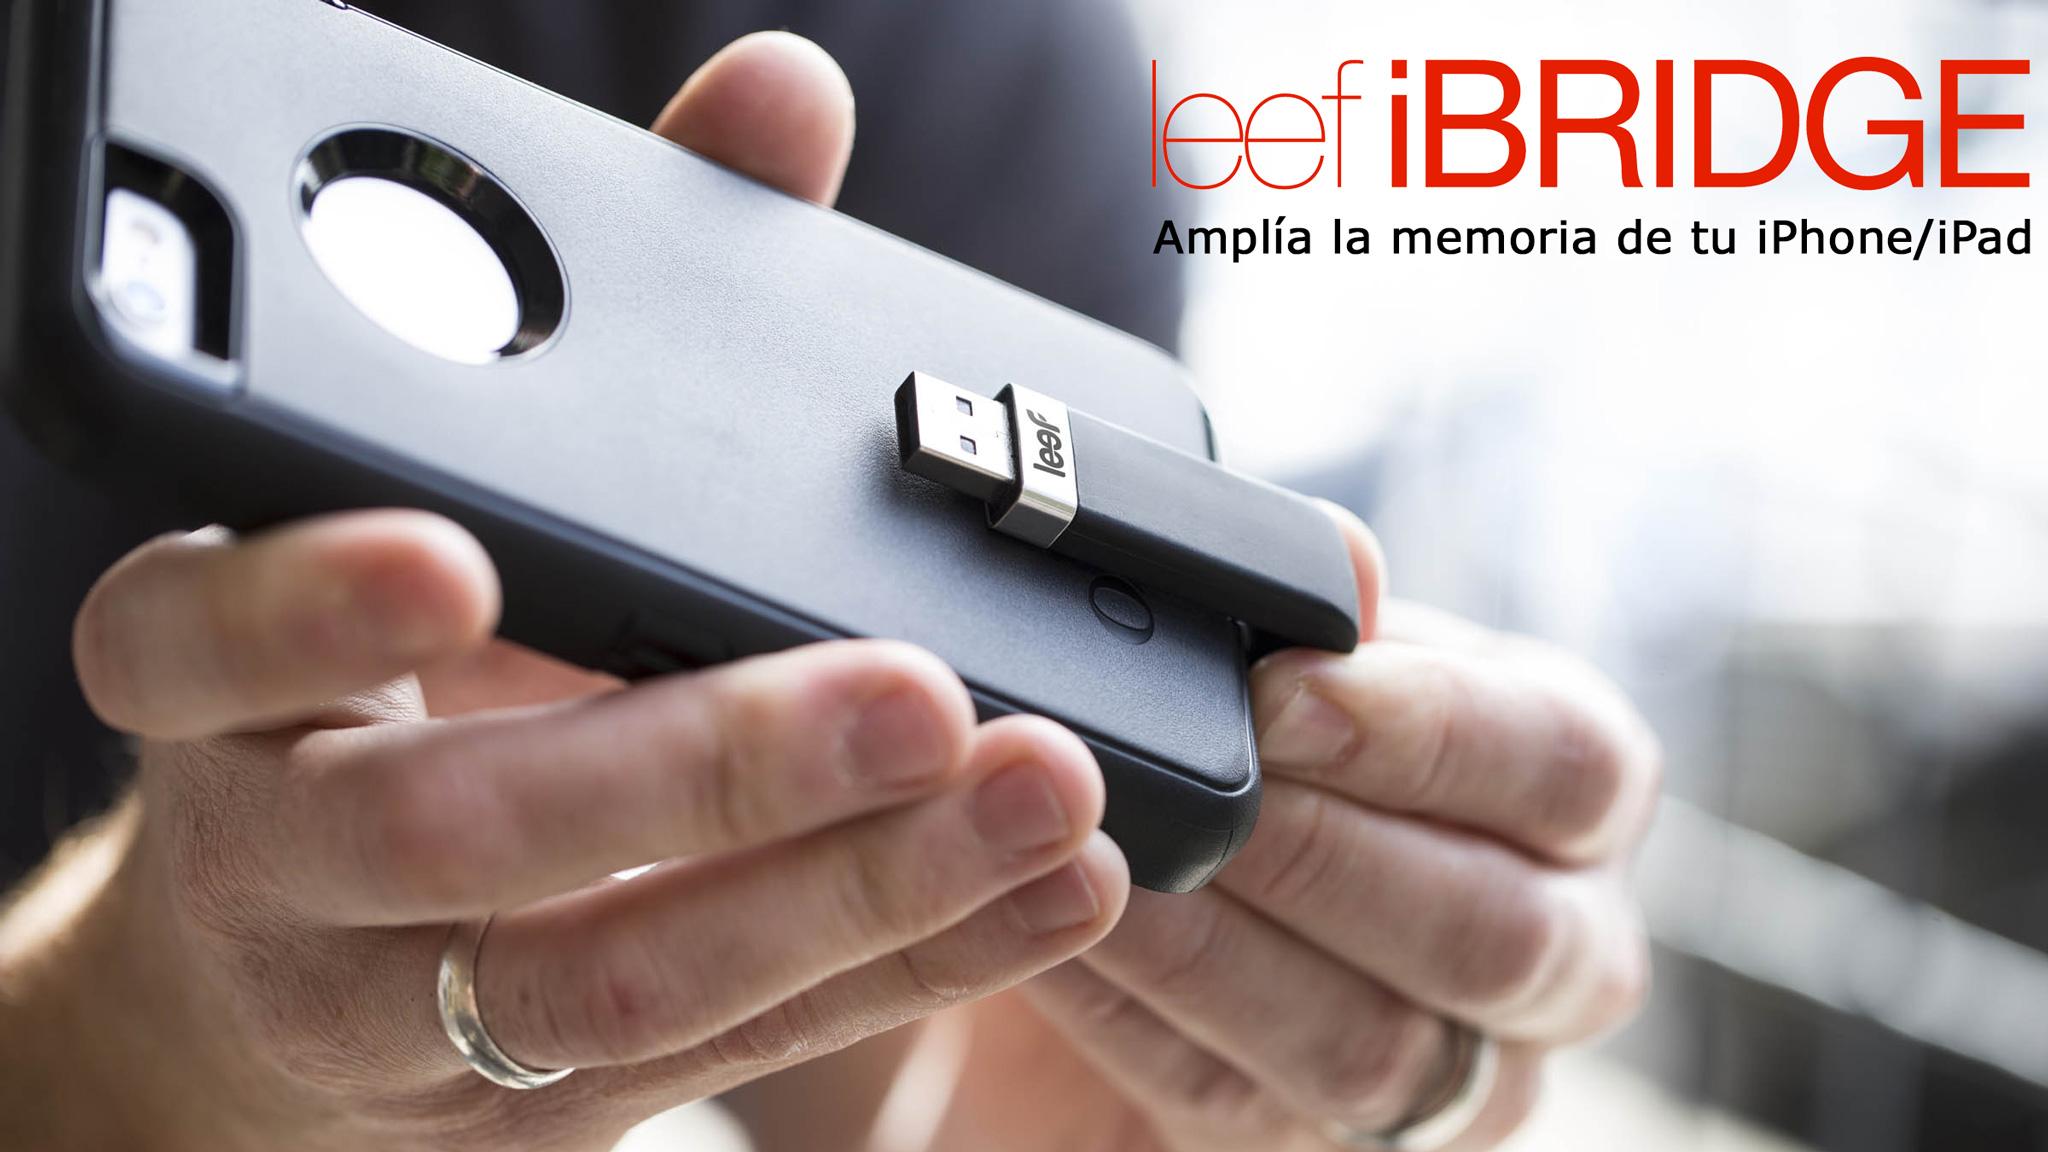 Amplía la memoria de tu iPhone/iPad con Leef iBridge
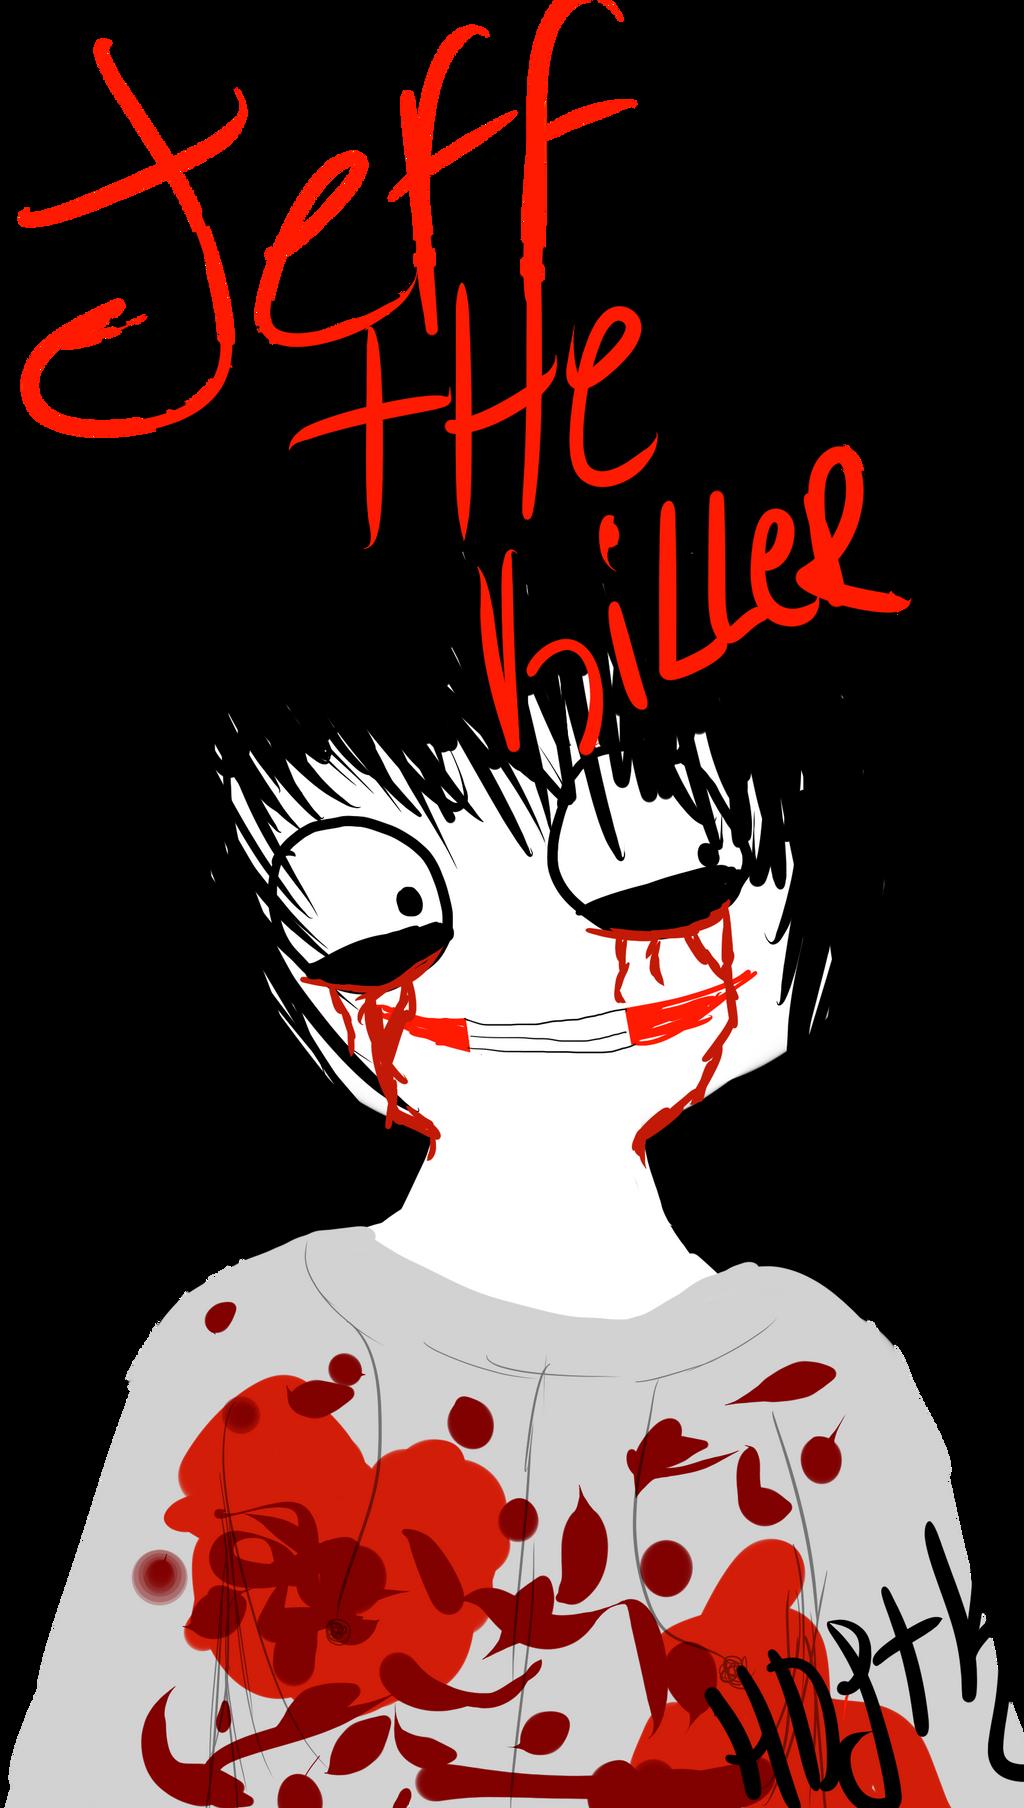 Jeff the killer fanart
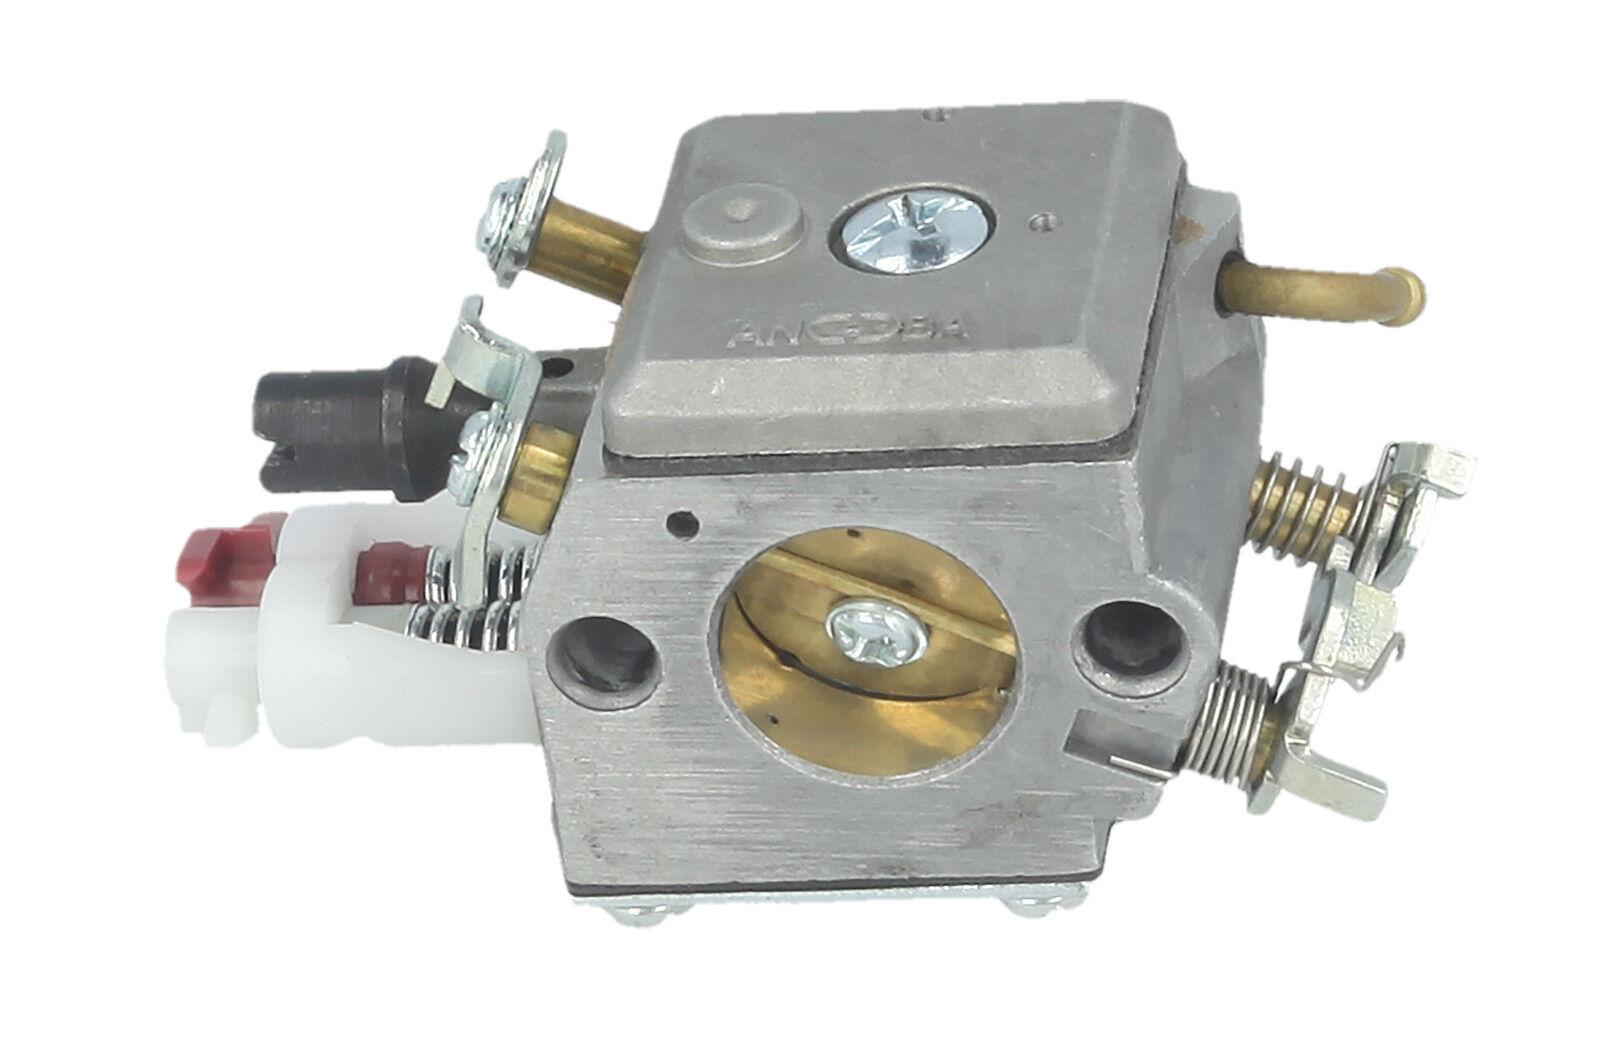 supporto al dettaglio all'ingrosso Carburatore Adatto a Motosega Husqvarna Husqvarna Husqvarna 357XP, 359 Oem 503 28 16-15 Zama C3-EL42  nuovo di marca

============================================================

TASK TO CARRY OUT |
Exclude all pictures and reproduce verbatim the lines running from the line that contains "Jeff the killer fanart" to the end of the data above, both ends included.

EXERCISE SOLUTION |
 Jeff the killer fanart
 supporto al dettaglio all'ingrosso Carburatore Adatto a Motosega Husqvarna Husqvarna Husqvarna 357XP, 359 Oem 503 28 16-15 Zama C3-EL42  nuovo di marca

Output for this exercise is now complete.